If you’ve been reading our HA articles, you’ll know that Corosync and Pacemaker are the way to go. Databases and filesystems are backed by DRBD storage, with a standby server ready to take over if the active server goes up in smoke.
This is our general formula for anything that needs on-disk storage; everything above the block device is just a service, which can be stopped and started on another node to effect a failover. This works great for NFS, MySQL, PostgreSQL and Redis, as well as more exotic things like AMQP servers.
The above sections cover almost all the problems you’re likely to run into.

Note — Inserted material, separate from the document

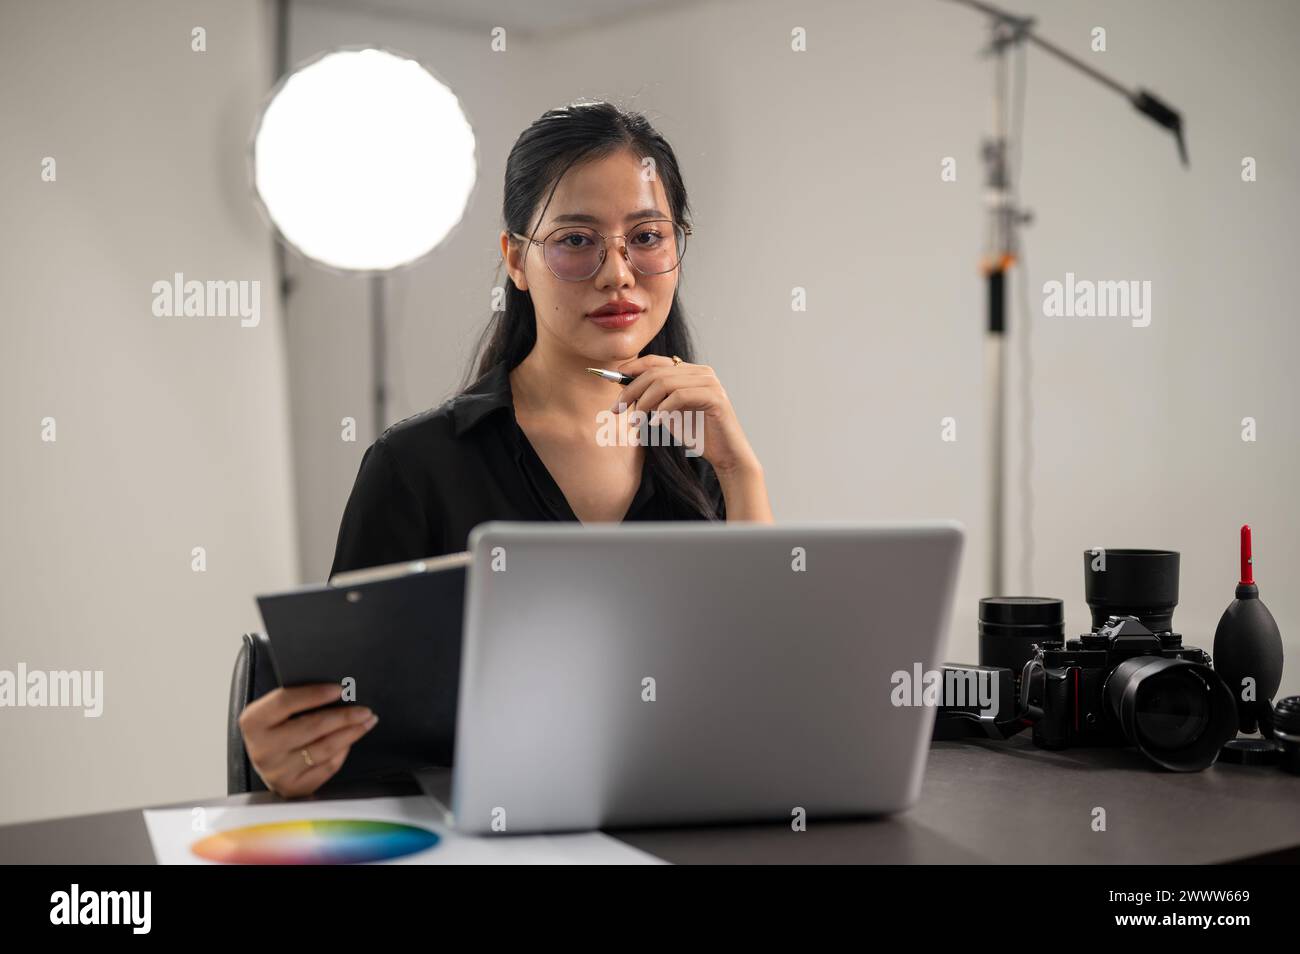 An attractive, confident Asian female photographer is looking at the camera while sitting at a desk in a photoshoot studio. Stock Photo

Even so, we went hunting to look for other problems you might face. Something we thought was interesting was integration with frontend caches and CDNs.
One particular piece of software we’ve worked with is Varnish, a high-performance caching proxy designed to reduce the load on webservers, which tend to serve large amounts of static content. Caching can be hard to get right, especially so in a distributed environment. Care needs to be taken to ensure that content is correctly cached, without inadvertently leaking sessions between users.
Dealing with CDNs is more closely related to handling server-generated files. If using such an extension for Magento, you’ll want to test that things behave properly when it comes to pushing content to the CDNs, with particular attention paid to any versioning that the extension performs.
The load balancer isn’t too special on its own, beyond the necessary HA-ification. Our preference is to run a pair of load balancers, each one a virtual machine to allow for easy scaling, with ldirector on each, and Pacemaker-managed virtual-IP for each service.
There’s a particular caveat when it comes to dealing with load balancers and source IP addresses: if your load balancer performs NAT before forwarding traffic to the frontend servers, the application will see the load balancer as the source-address instead of the client’s real address. This can be worked around if the load balancer adds an X-Forwarded-For header to the incoming request, but we prefer to use LVS’ Direct Routing mechanism and avoid the problem entirely.
There’s a lot to take into consideration if you’re planning to deploy a highly available website. Some sites can be patched up fairly easily, while for others it’ll be a lot of work. A well-written and architected site can make this easier, but it tends to come at the cost of added complexity, and can be harder to maintain in future.
Next time we’ll talk about some of the realities of an HA deployment. High availability is a great concept, but it doesn’t come for free, and in many cases it’s hard to argue that it’s worth it. What’s your website worth to you, and how much disruption would you really be willing to tolerate?